Por último, el socialismo alemán o "verdadero socialismo" surge a partir de la importación en Alemania de la literatura socialista y comunista francesa. Pero como en Alemania las condiciones sociales eran bastante más feudales que las francesas, esto resultó en una asimilación puramente literaria del socialismo en el marco de una conciencia filosófica reaccionaria. "Y así, donde el original desarrollaba la crítica del dinero, ellos pusieron: “expropiación del ser humano”; donde se criticaba el Estado burgués: “abolición del imperio de lo general abstracto”, y así por el estilo. ".

Socialismo conservador o burgués

Esta ideología proviene de la sensibilización de parte de la burguesía ante el sufrimiento del proletariado y un intento de mitigar estas injusticias para conservar el orden social burgués.

"Se encuentran en este bando los economistas, los filántropos, los humanitarios, los que aspiran a mejorar la situación de las clases obreras, los organizadores de actos de beneficencia, las sociedades protectoras de animales, los promotores de campañas contra el alcoholismo, los predicadores y reformadores sociales de toda laya.

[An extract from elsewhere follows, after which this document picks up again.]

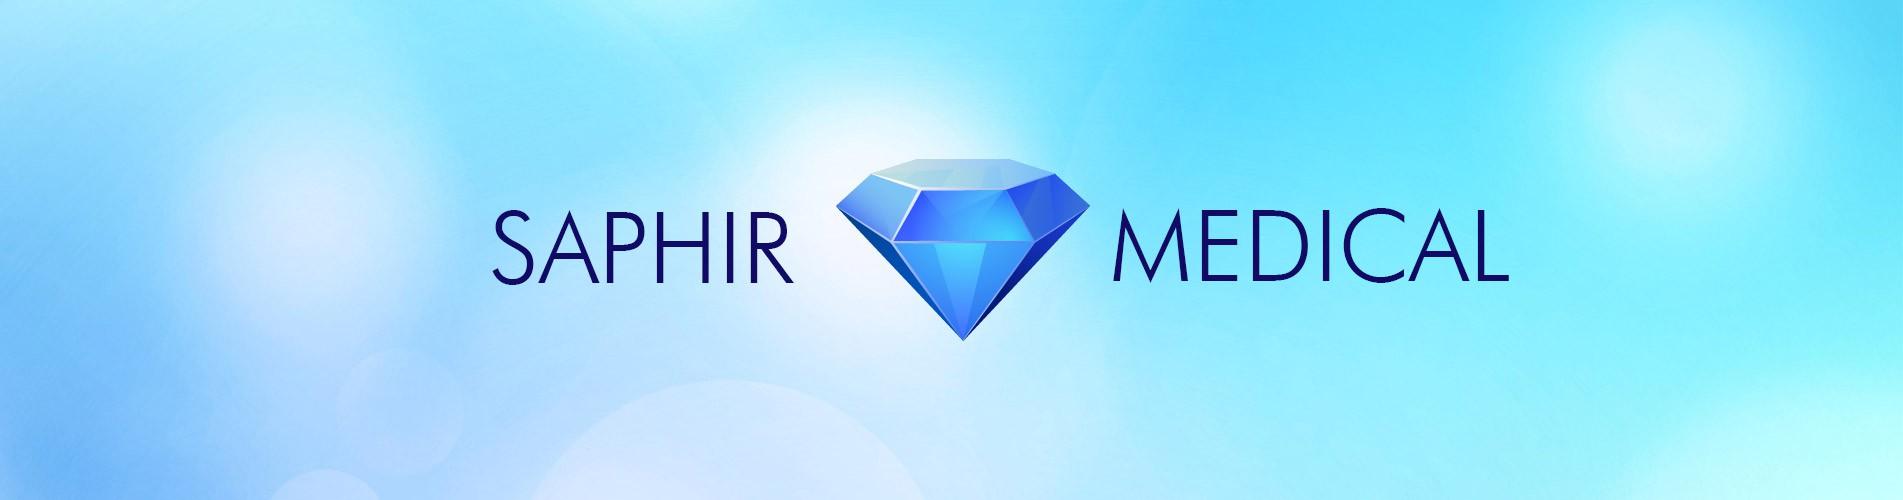 Saphir Medical

Socialismo y comunismo crítico-utópicos

En este socialismo se encuentran las doctrinas y sistemas características de los primeros choques del proletariado como clase contra el régimen burgués. Estas doctrinas realizan una crítica medianamente correcta del mundo burgués y profesan "un ascetismo universal y un torpe y vago igualitarismo" y diseñan modelos de sociedades futuras de carácter utópico.

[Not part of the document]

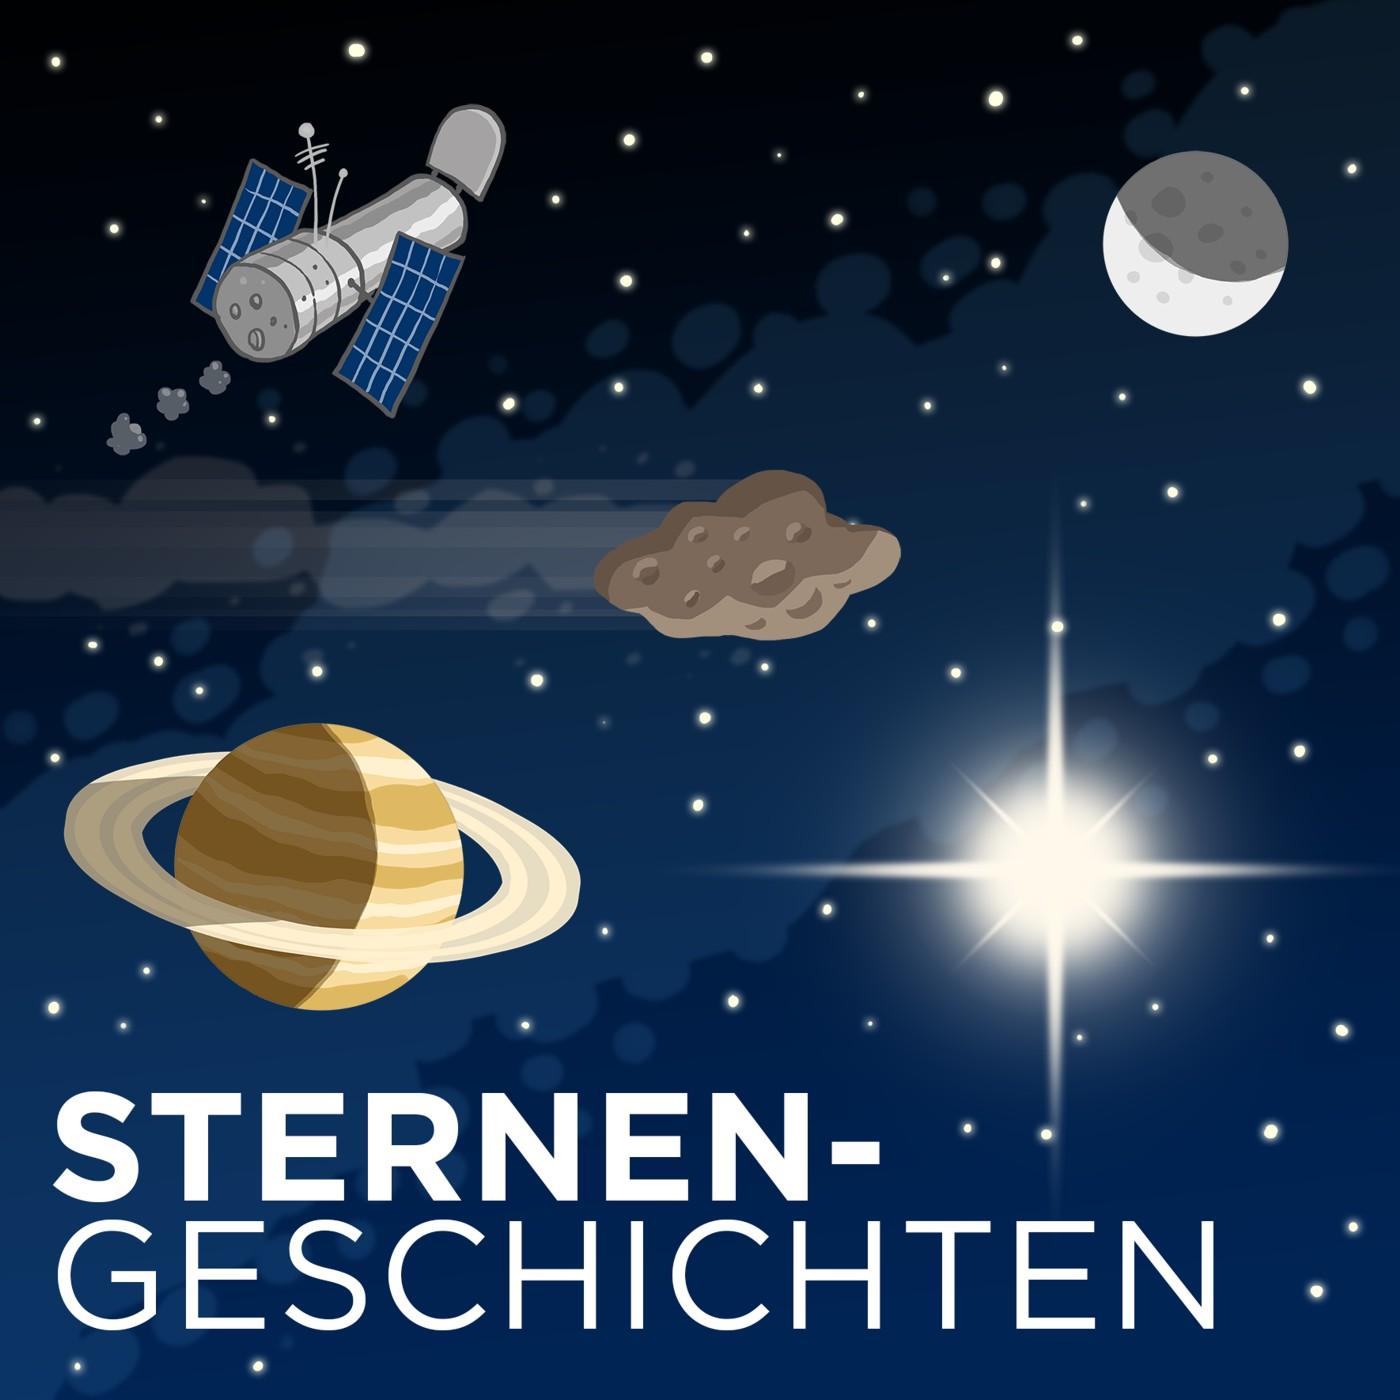 Sternengeschichten Folge 389: Das Hubble-Weltraumteleskop

Capítulo IV: Actitud de los comunistas ante los otros partidos de la oposición

En este breve último capítulo -que ya en el prólogo de 1872 los autores señalan como desactualizado debido a la desaparición de muchos de los "partidos de oposición" aquí nombrados y a los cambios económicos y políticos ocurridos desde su publicación- Marx y Engels hacen un esbozo de la táctica que deben seguir los comunistas en el contexto político de varios países de Europa: en donde no sea posible llevar a cabo directamente su objetivo, situarse de parte de los partidos más progresivos y contra los más reaccionarios, sin por ello perder su independencia programática y organizativa.

Resumiendo: los comunistas apoyan en todas partes, como se ve, cuantos movimientos revolucionarios se planteen contra el régimen social y político imperante.

Este capítulo, y el manifiesto, termina con la siguiente arenga:

Los comunistas no tienen por qué guardar encubiertas sus ideas e intenciones. Abiertamente declaran que sus objetivos sólo pueden alcanzarse derrocando por la violencia todo el orden social existente. Tiemblen, si quieren, las clases gobernantes, ante la perspectiva de una revolución comunista. Los proletarios, con ella, no tienen nada que perder, como no sea sus cadenas. Tienen, en cambio, un mundo entero que ganar. ¡Proletarios de todos los países, uníos!.